From the archive: a nation of gamblers, 1972

Gambling News

The Observer Magazine summed up the gambler’s fallacy – the belief that random past events have an effect on future outcomes – in its cover headline of 10 September 1972, the first part of an investigation into Britain’s gambling mania: ‘Tomorrow I’ll Win It All Back’.

‘Nine Britons out of 10 now gamble,’ revealed Des Wilson and Joe Steeples, ‘and those who don’t are frowningly referred to by sociologists as “deviant oddities”… the law has given up any attempt to ban it and is now satisfied if it can keep it under control.

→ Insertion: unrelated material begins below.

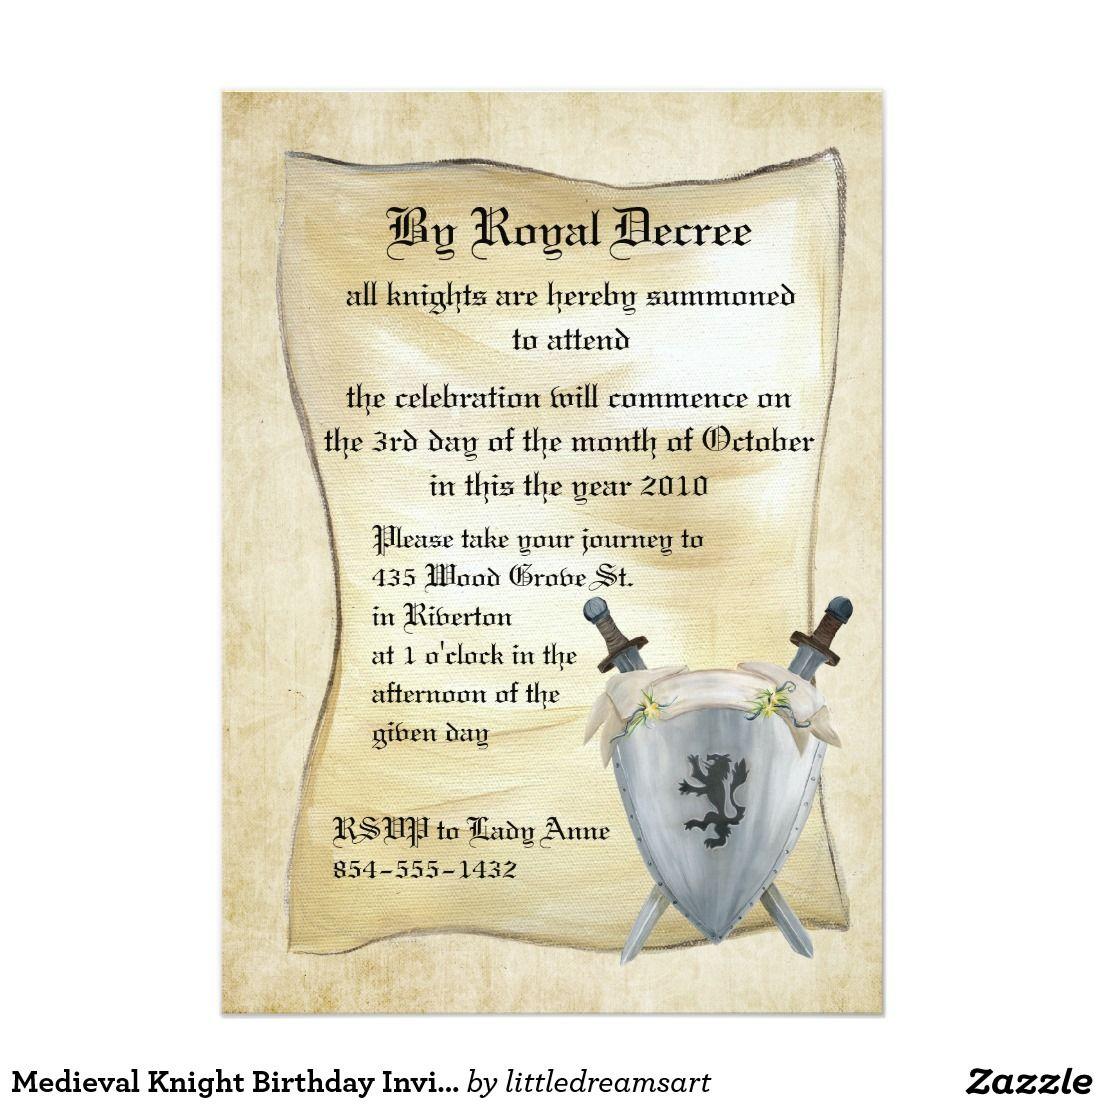 Mittelalterliche Ritter-Geburtstags-Einladung Karte | Medieval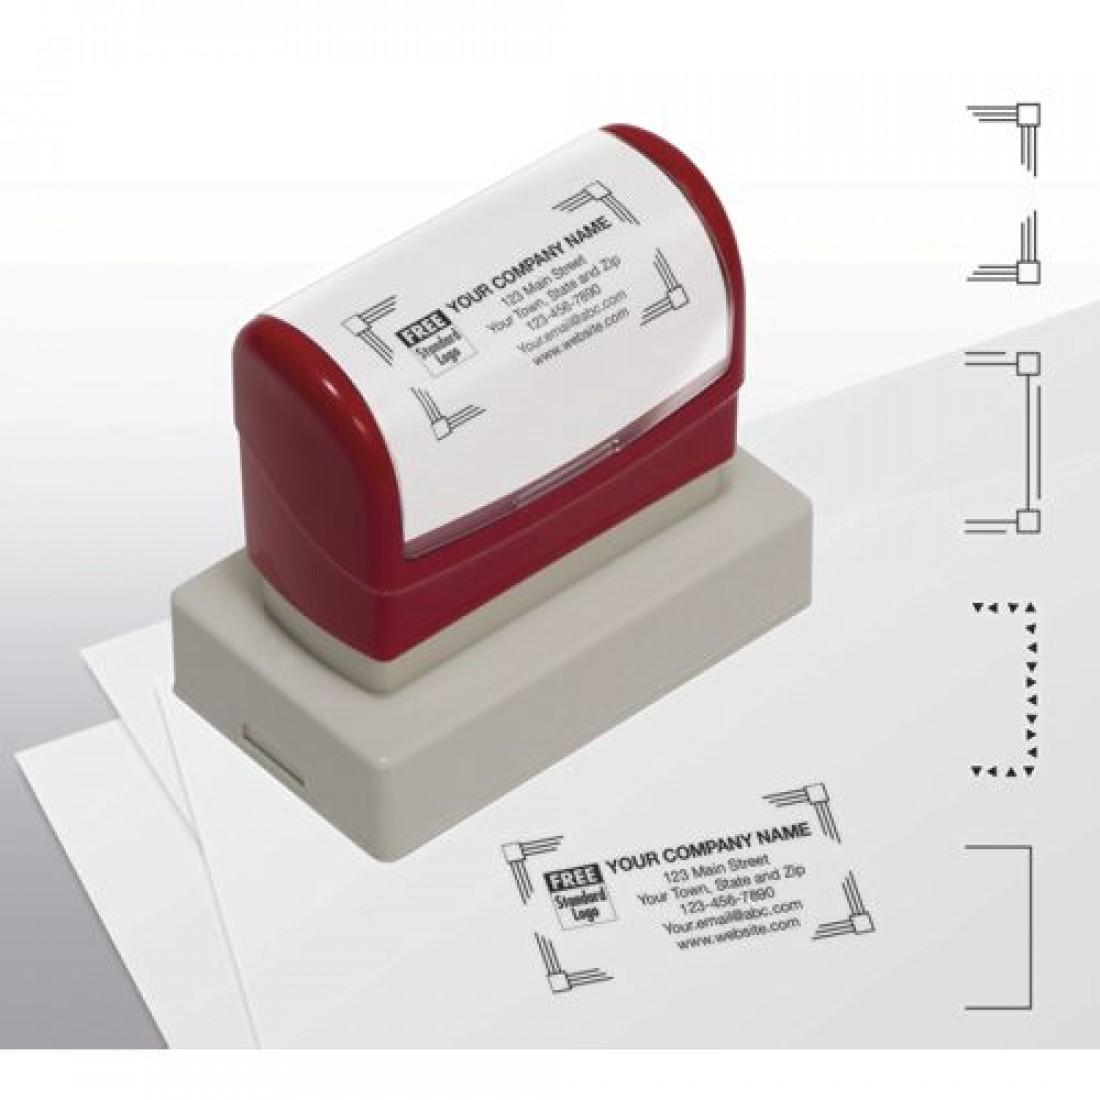 Name & Address Stamp, Large

‘This year we in Britain are staking more than £2.1bn on the turn of a card, the fate of a horse, or the result of a football match – more than we invest in education or in hospitals and 2.5 times what we spend on bread and cereals.’

An astonishing 9 million people went to greyhound races. ‘An evening at the dogs can be fun,’ it was argued. ‘When the grandstand lights dim and the gaily dressed dogs are led on to the track, it is like a form of theatre.’

Gamblers Anonymous said there was evidence that ‘some gamblers subconsciously want to lose to punish themselves’. They even quoted Freud: ‘The fluttering movements of a card dealer’s hands, the thrust and withdrawal motions of the croupier’s rake, and the shaking of the dice box can all be identified with the sublimations of copulation or masturbation.’

These days, gambling has largely moved online and become ever more niche in what one can bet on, but one thing remains constant: ‘The gambling empires are being built upon the one inescapable truth in a business full of myths and theories: the profit in gambling is for the promoter, not the punter.’